Harry gave a brief history of Raby’s fortunes since the twelfth century under the Nevills and, since the 1620s, the Vane family. The collection of chattels at Raby includes about 150 family portraits dating from the seventeenth century to the present day, and Harry introduced examples by artists such as Van Dyck, Lely, Garret Morphey, Kneller, Dahl, Vanderbank, Amigoni, Batoni, Reynolds and Hayter, amongst others. Alongside this collection of family portraits are two collections of national significance. The first is a group of portraits of figures from the Restoration court, such as that known as Louise de Kéroualle, Duchess of Portsmouth (above), Barbara Villiers, Countess of Castlemaine, both by the studio of Lely, and Charles FitzRoy, 2nd Duke of Cleveland, (1662-1730) by Dahl, whose daughter Grace married into the Vane family. The second group was collected by William Pulteney, 1st Earl of Bath (1684-1764) and inherited by the Vanes in 1805. Amongst this group is a whole length of Frederick, Prince of Wales (1707-1751) by Jacopo Amigoni, whose mistress was Anne Vane (d.1736), and Sir William Bankes (1751-1800) of Winstanley Hall by Batoni.
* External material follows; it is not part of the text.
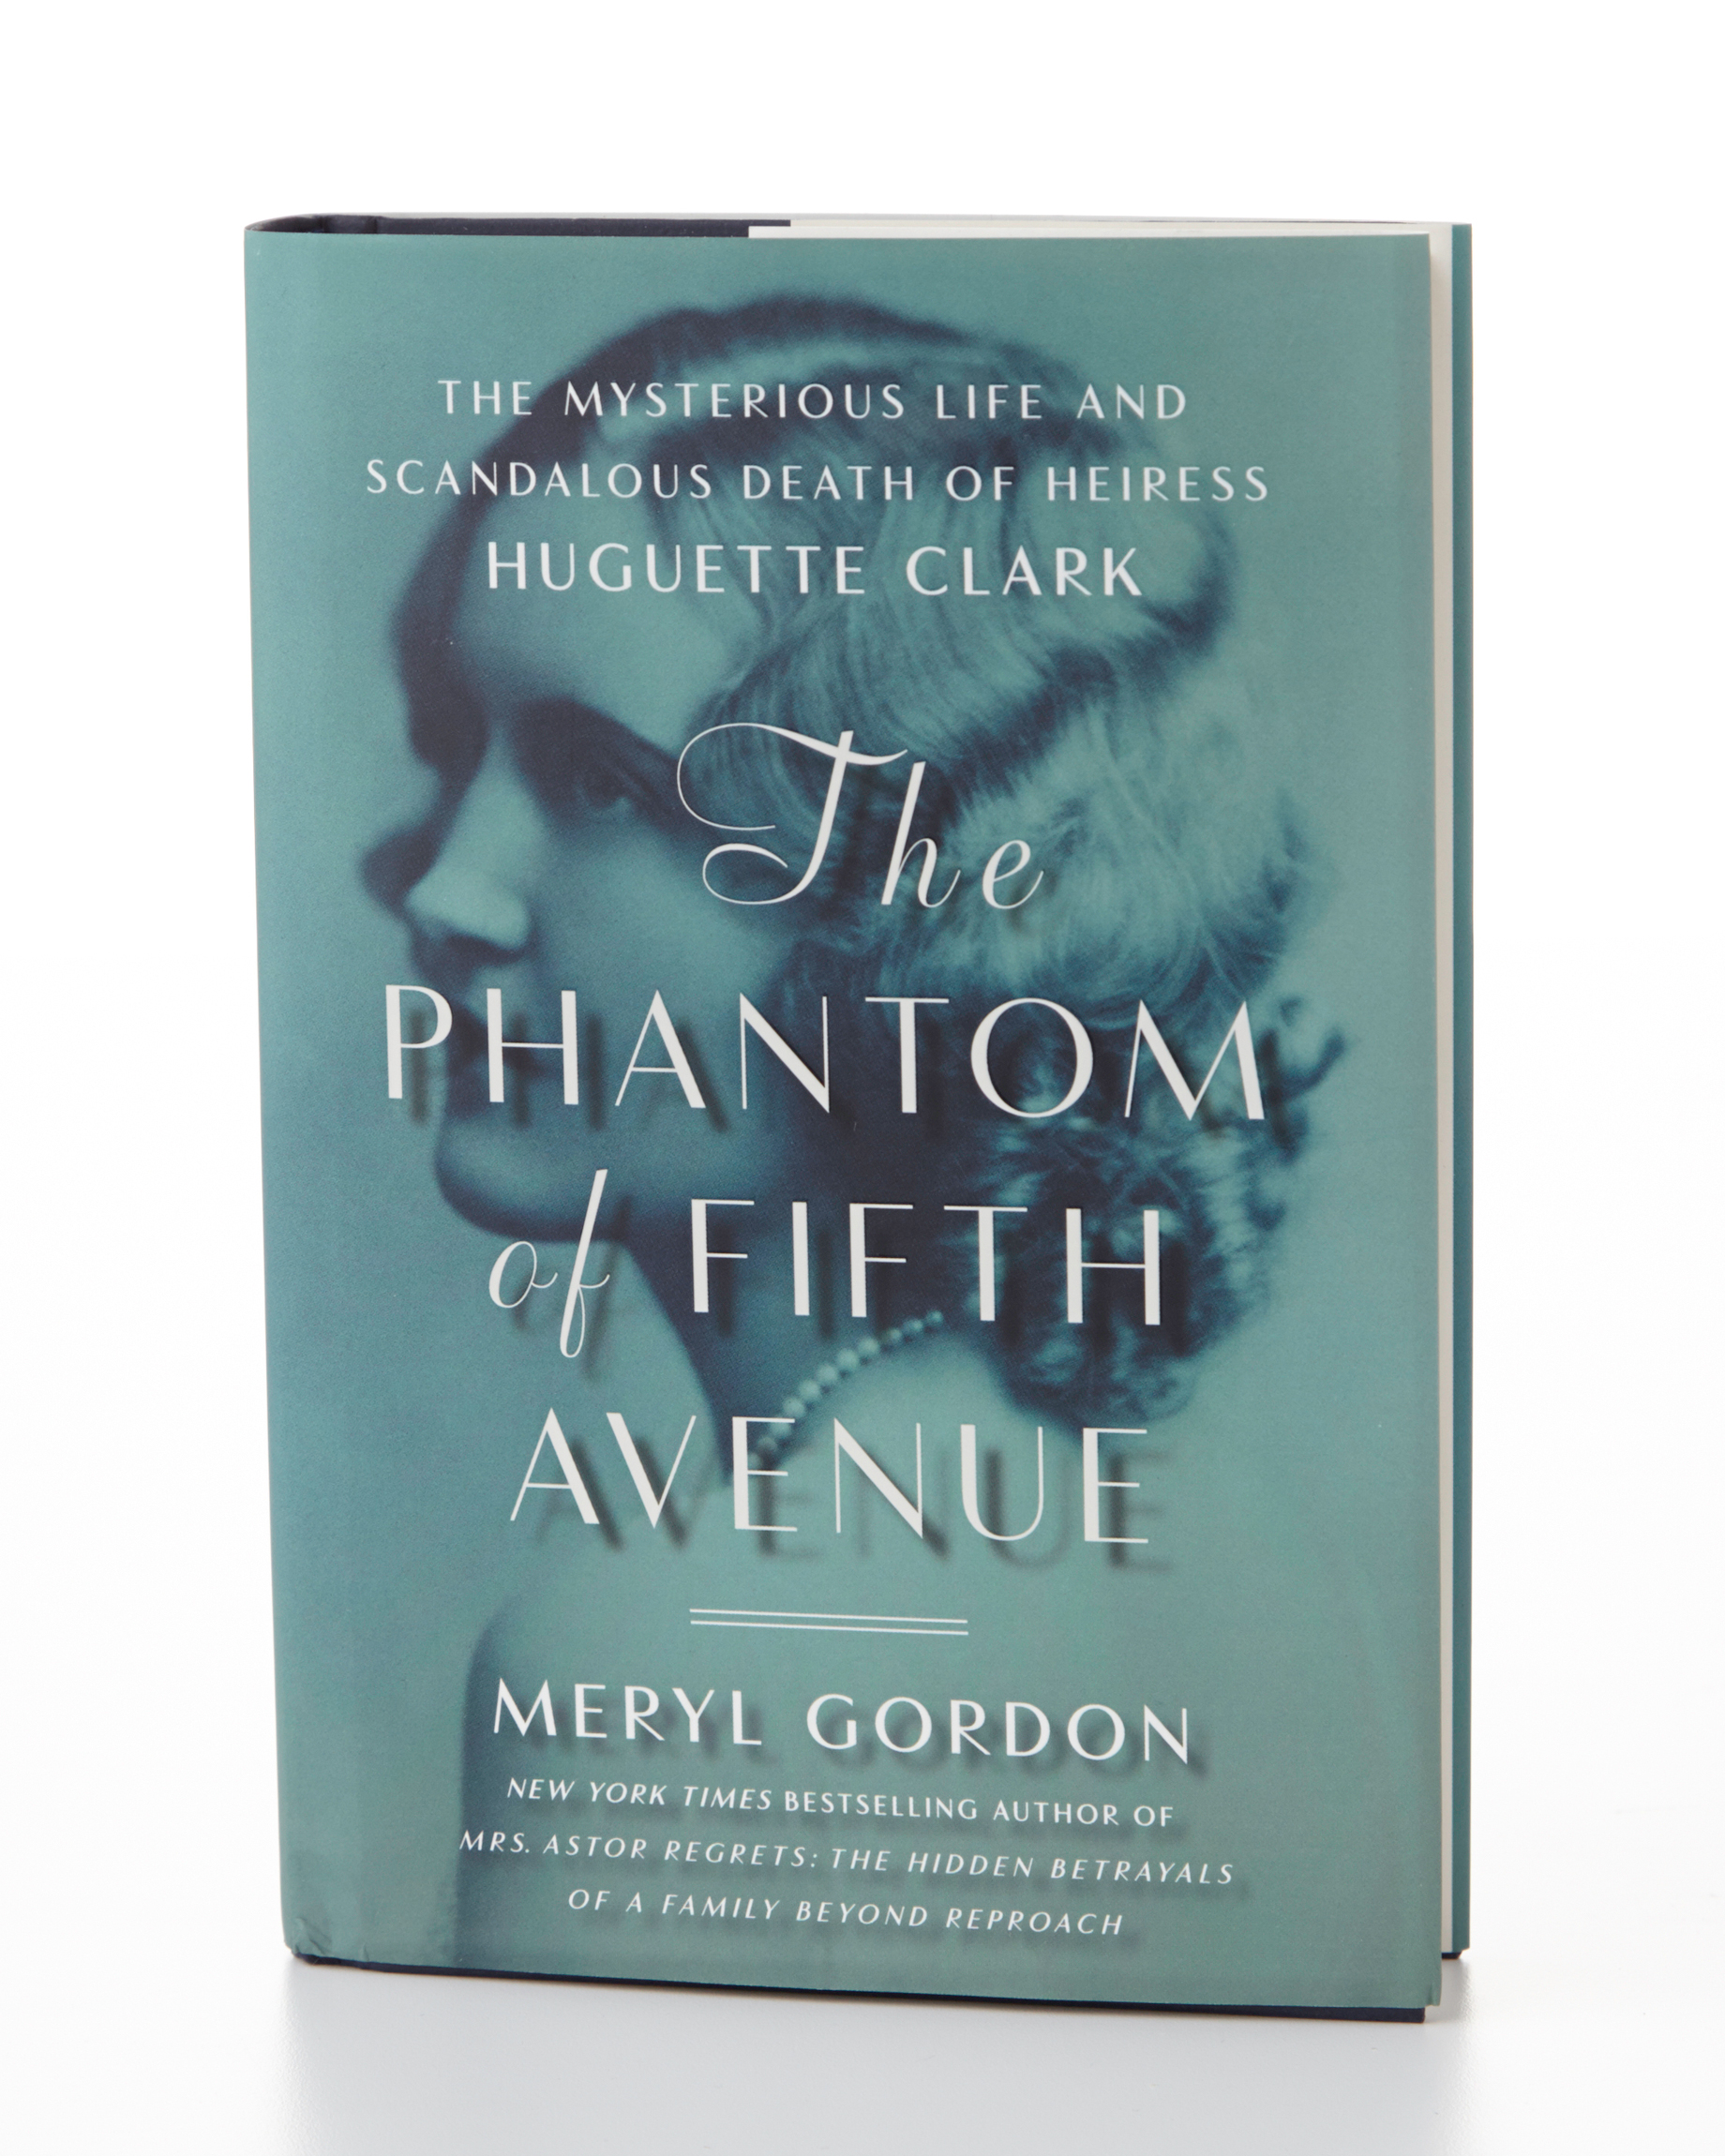 honeymoon-book-ideas-meryl-gordon-0614.jpg

Another treasure in the collection is Richard Cosway’s miniature portrait of Katherine Lowther (d.1809), which she presented to her fiancé General Wolfe, (1727-1759), the ‘hero of Quebec’. Harry and Clare then discussed some of the issues specific to collections of this kind; the importance of the visitor’s route through the Castle in determining the picture hang, in order to clearly demonstrate the family lineage. Wall-mounted interpretation is deliberately eschewed in favour of room cards and guidebooks, to maintain the ‘family house’ atmosphere. And the castle’s room attendants provide both security and information on the castle and its collection. They concluded with a brief discussion of their conservation programme.